Governing body for rugby union in Hong Kong

Hong Kong China Rugby Union (中國香港欖球總會; abbrev. HKCR) is the governing body for rugby union in Hong Kong. It was founded in 1952 and became affiliated to World Rugby (then known as the International Rugby Board) in 1988. It organises and oversees local rugby, including the annual Hong Kong Sevens tournament and the HKRU Premierships.
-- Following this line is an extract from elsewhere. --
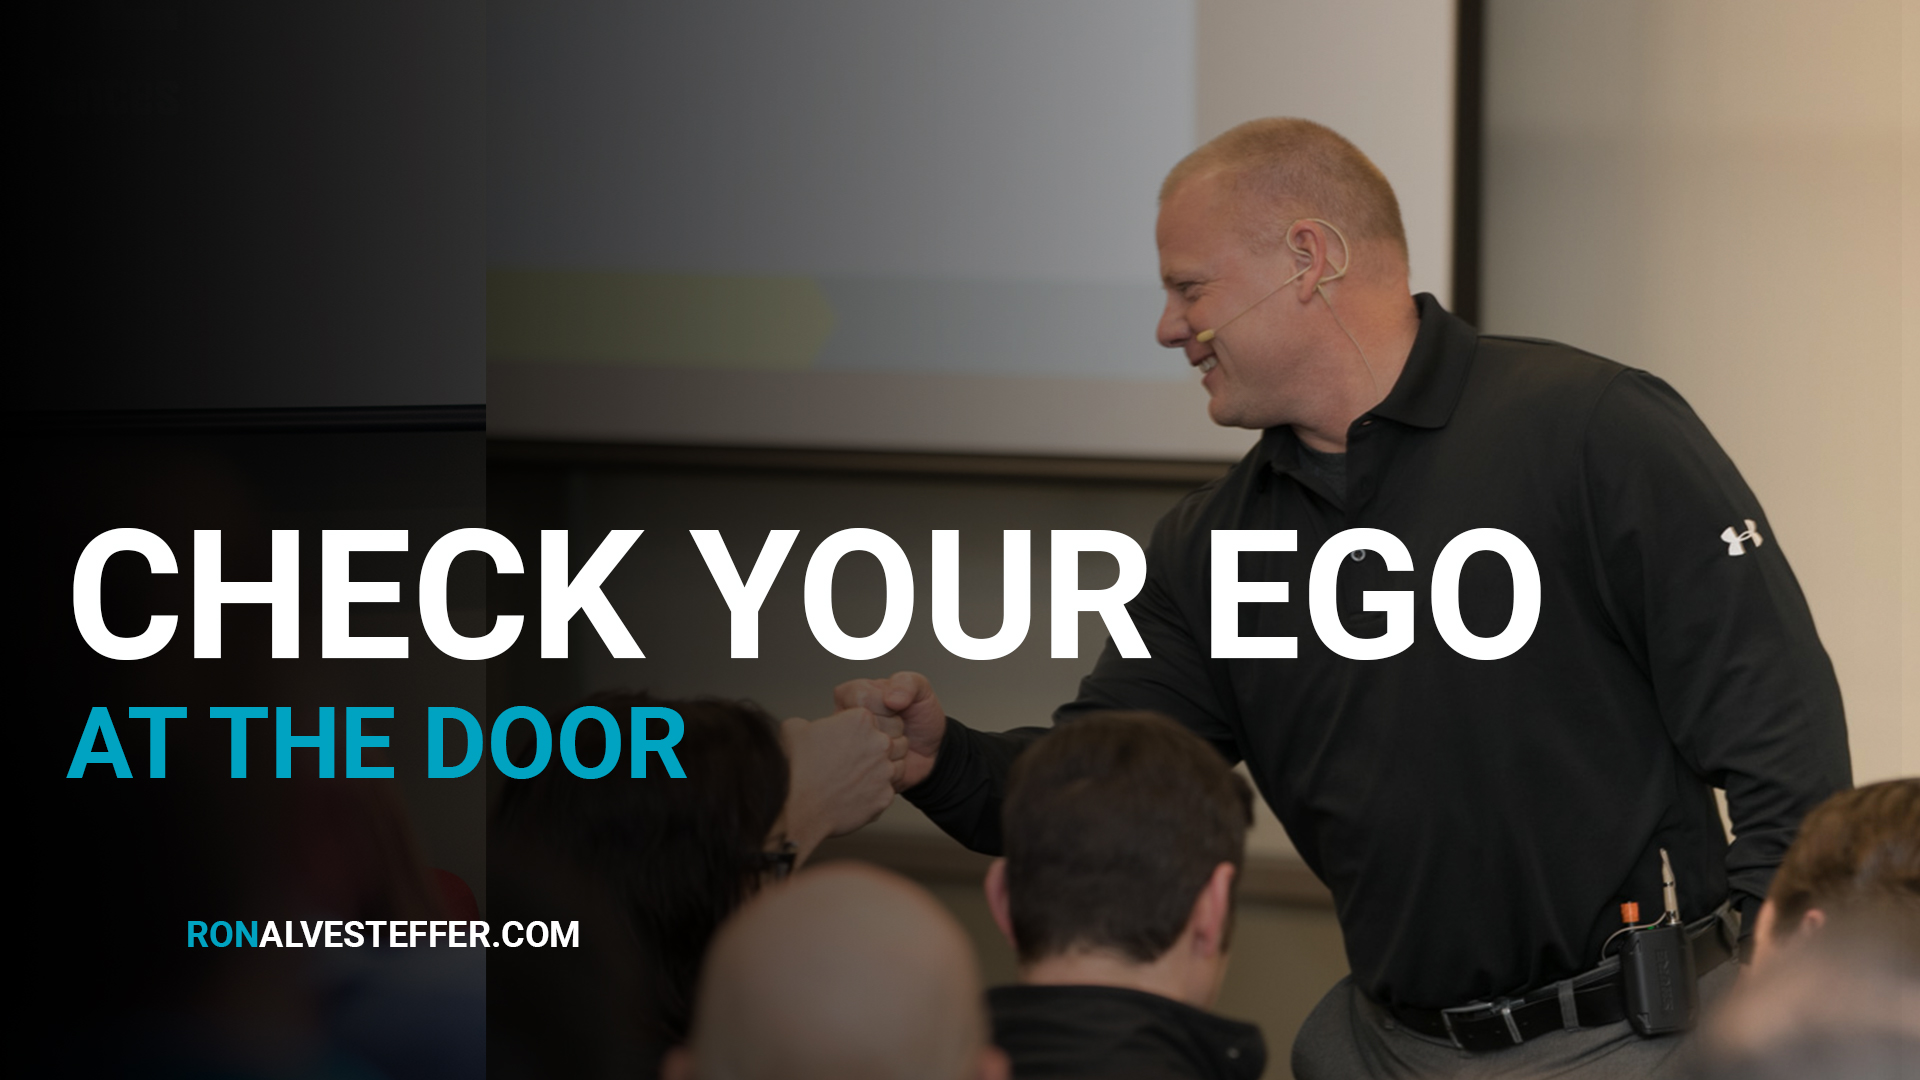 Check Your Ego at the Door

The organisation was formerly named Hong Kong Rugby Football Union, and Hong Kong Rugby Union (HKRU) before 2023.

== History ==

Old HKRU logo

In November 2022, Glory to Hong Kong was played after a match between the teams from South Korea and Hong Kong. The HKRU said "The HKRU expressed its extreme dissatisfaction at this occurrence and has received a full explanation of the circumstances that led to this. Whilst we accept this was a case of human error it was nevertheless not acceptable." Media reported that the local organiser had earlier asked each team for a copy of their anthems to play at the competition, but the Hong Kong team did not submit one.

Later in November 2022, the head of HKRU, Robbie McRobbie, said new rules that dictate athletes should correct organisers if the national anthem is played incorrectly were reasonable and practical.